While thinking about your dream retirement or financial future can be an exciting time, it is also important to keep in mind the many risks that are associated with investing. Say you have a large chunk of your money invested in a single stock. At any given moment, that stock’s value could plummet, taking your hard-earned capital with it. That’s why a core element of a holistic planning philosophy should hold a somewhat pessimistic projection of the future. By actively thinking about how to properly react to inevitable market fluctuations, tax increases, or unexpected life shifts such as job loss, relocation, or injury, you can potentially limit your overall risk and set your portfolio up for a more robust future.
While it can be tempting to pursue high-risk, high-reward investments with quick payouts, holistic planning takes into account several other factors, especially when focusing on a sustainable, long-term gain, including one’s desire for a comfortable retirement or generational wealth transfer. Think of this like sitting in rush hour traffic, for example. You may quickly switch to a lane that is going faster only to find yourself at a standstill soon after. Although you might have temporarily moved ahead of some cars, they may end up beating you in the long run.
Holistic wealth management can include comprehensive plans that are built around passive income sources that drive a client’s retirement years or figure out the best way for them to enjoy their current lifestyle without having to continue their working days. By considering a client’s complete financial situation, holistic wealth management may help them accomplish more than just simple returns. Over the course of years, this system may help turn that dream retirement into an actual reality.
Finally, a component of a comprehensive holistic plan may aim to manage, control, and reduce your tax liabilities wherever possible. This is very important for estate planning and generational wealth transfers, as figuring out areas to reduce your tax burden can make a major difference over the years.
Our holistic planning formula blends Nobel Prize-winning empirical research with savvy integrations of alternative investments. Through our carefully-personalized plans, we’ve helped our clients unlock financial opportunities in both private and public markets that have historically been reserved for the ultra-wealthy.

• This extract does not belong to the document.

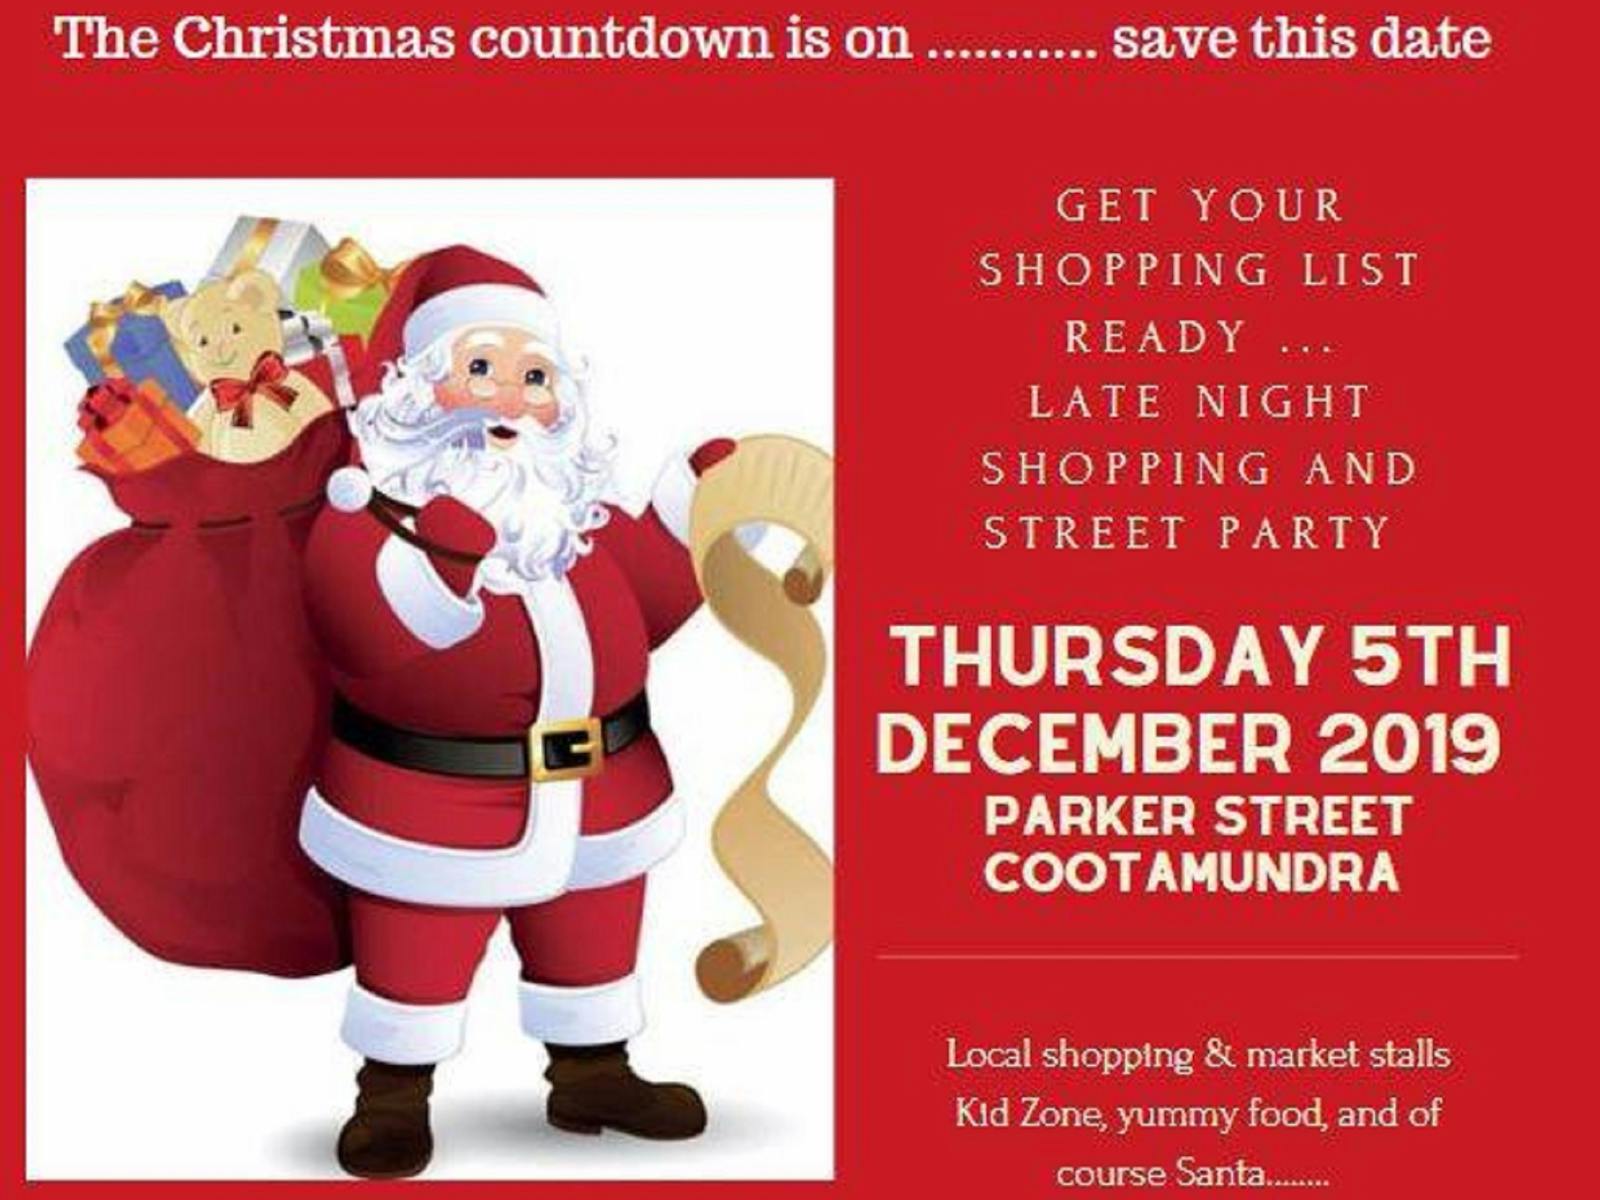 Image for Cootamundra Christmas Party

At BIP Wealth, you’ll have access to a team of experts who will be with you and your family at every step of your financial journey. If you’re looking for a unique approach to holistic wealth planning, you can browse our offerings—from private equities, private credit offerings, public market investment plans, and covered call strategies.

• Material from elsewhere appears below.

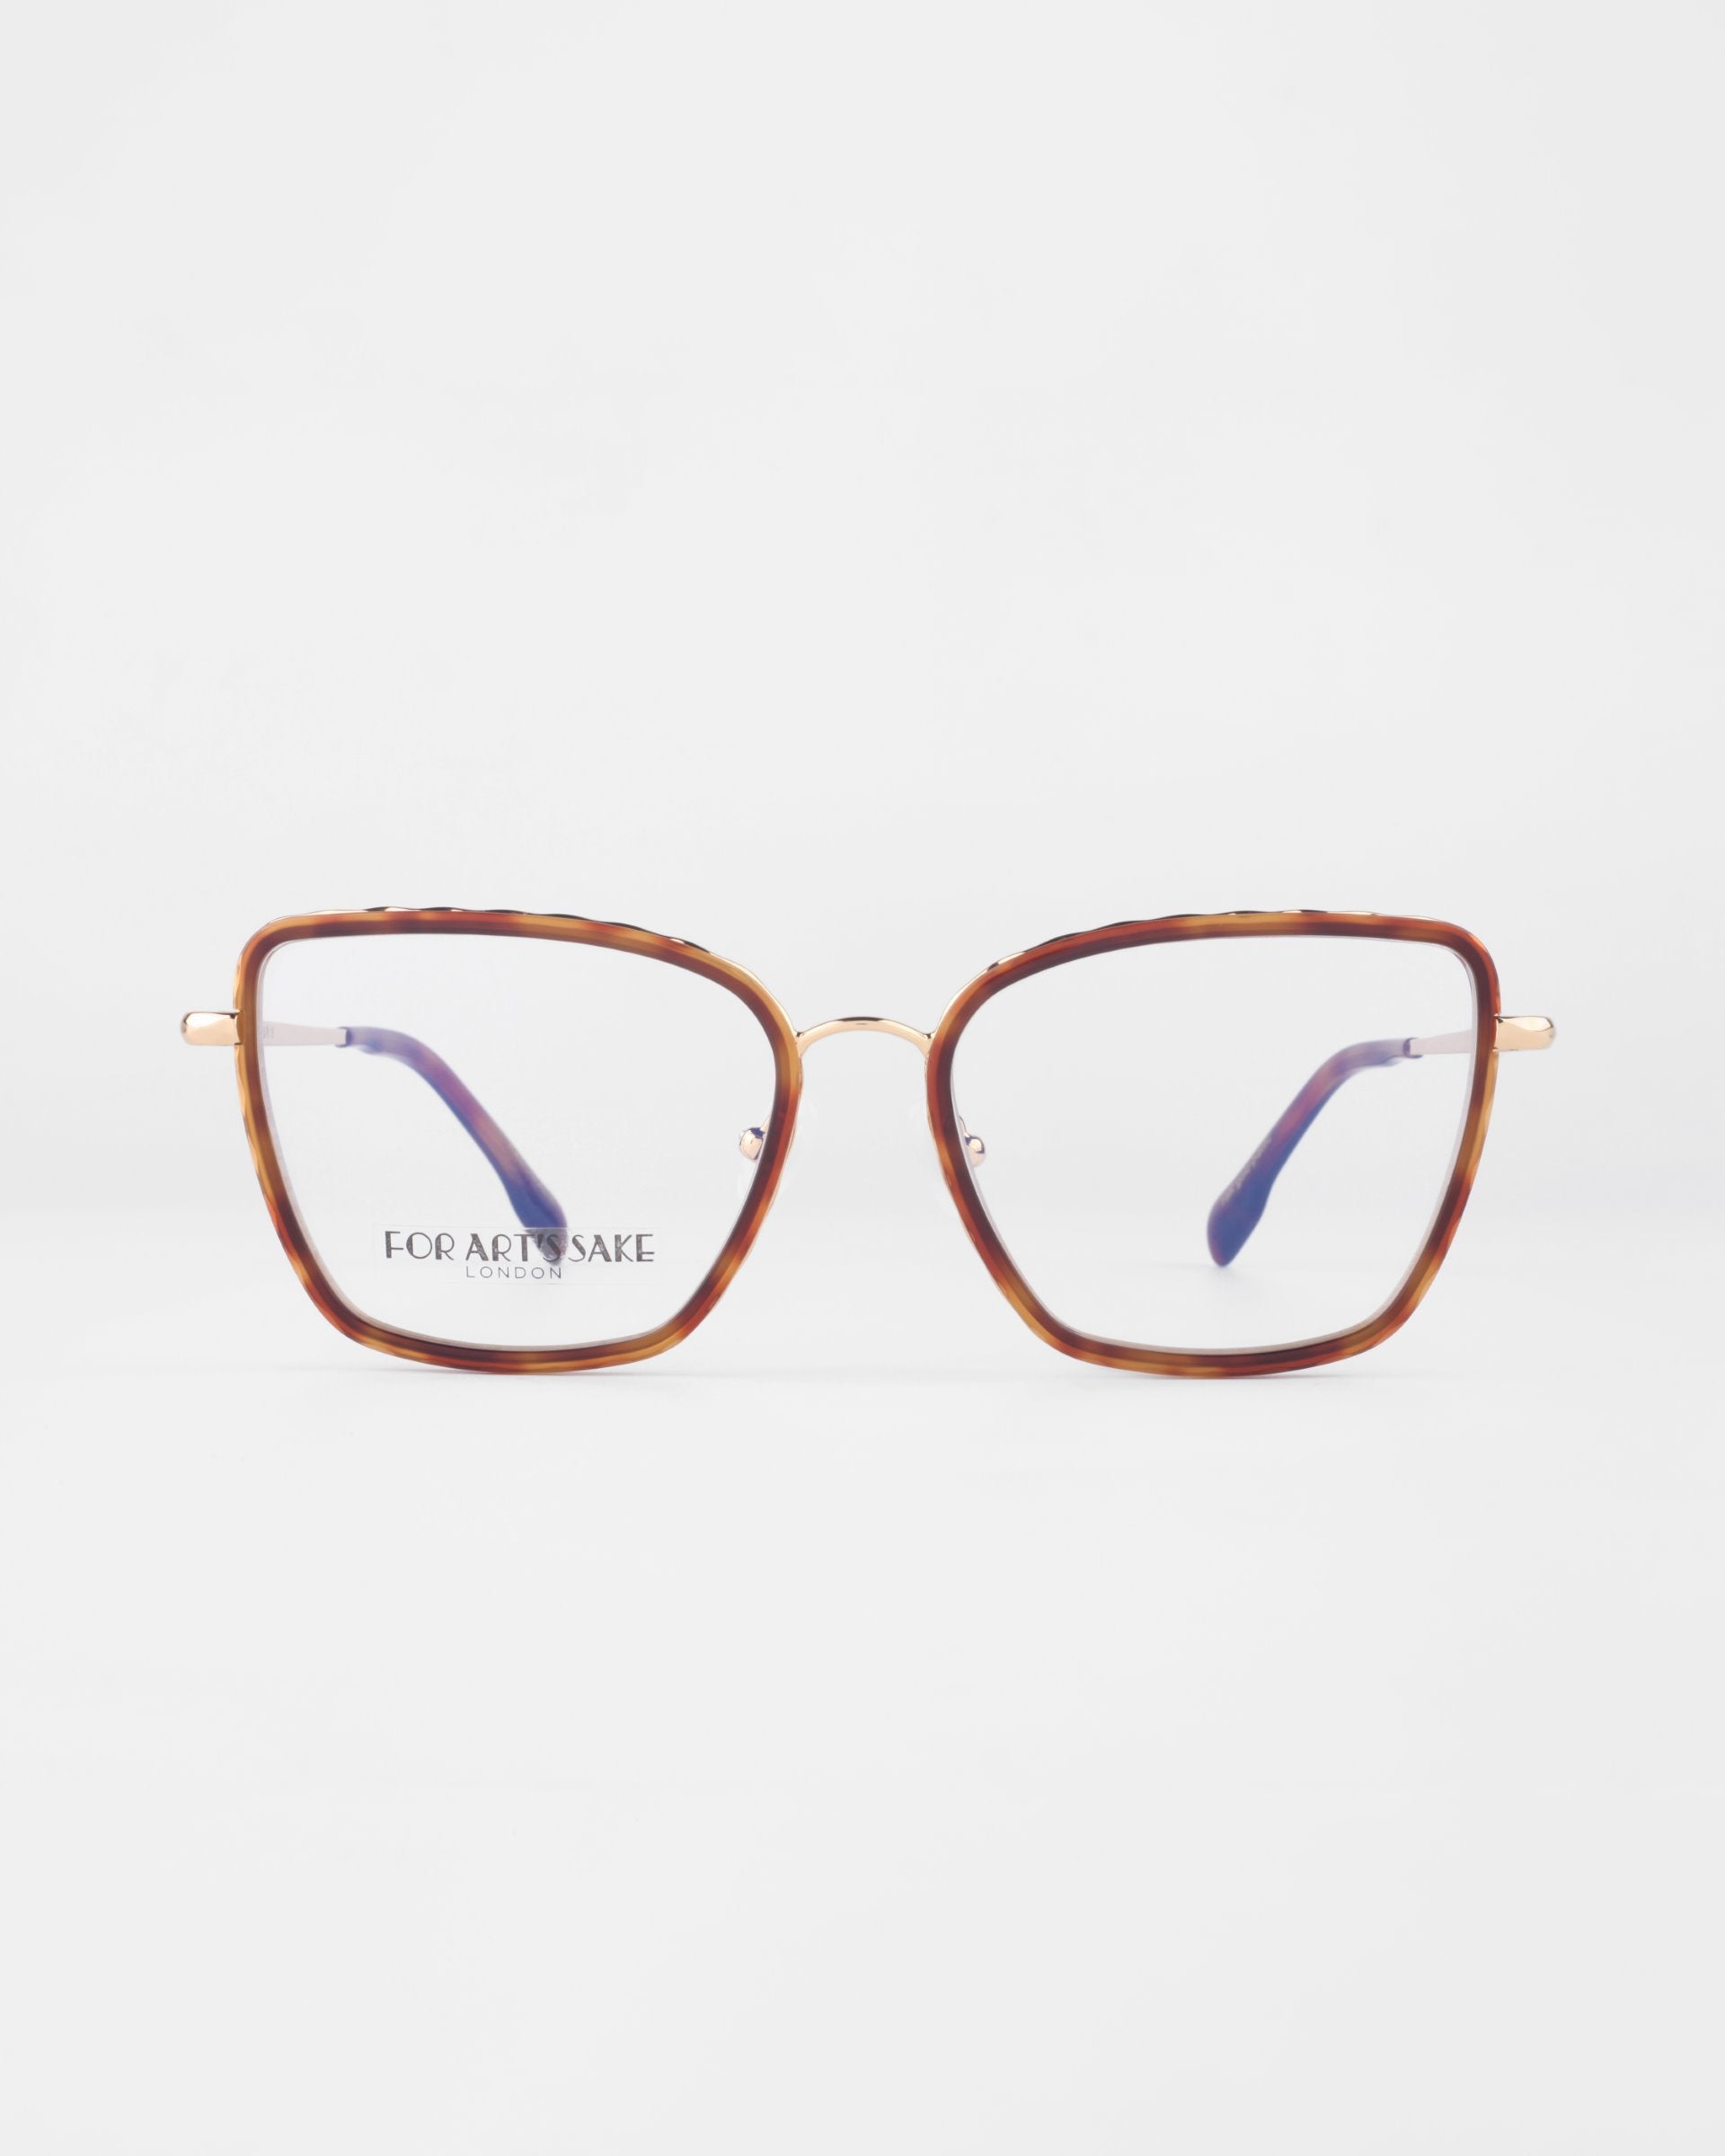 A pair of brown, large, square-rimmed glasses with gold-colored arms and purple inner tips. The transparent lenses showcase the brand text &quot;For Art&#39;s Sake®&quot; on the left lens. Featuring 18-karat gold-plated frames, the Lace glasses are positioned against a plain white background.

What is holistic wealth planning?
Holistic wealth planning does not focus solely on singular investments, instead determining a person’s current financial situation, lifestyle, and ultimate goals to create a long-term plan for retirement, estate planning, investments, and more.
Why is holistic planning important?
From potentially limiting financial risk to better aligning with personal goals, holistic planning is important for those who are looking for more than just short-term investment returns.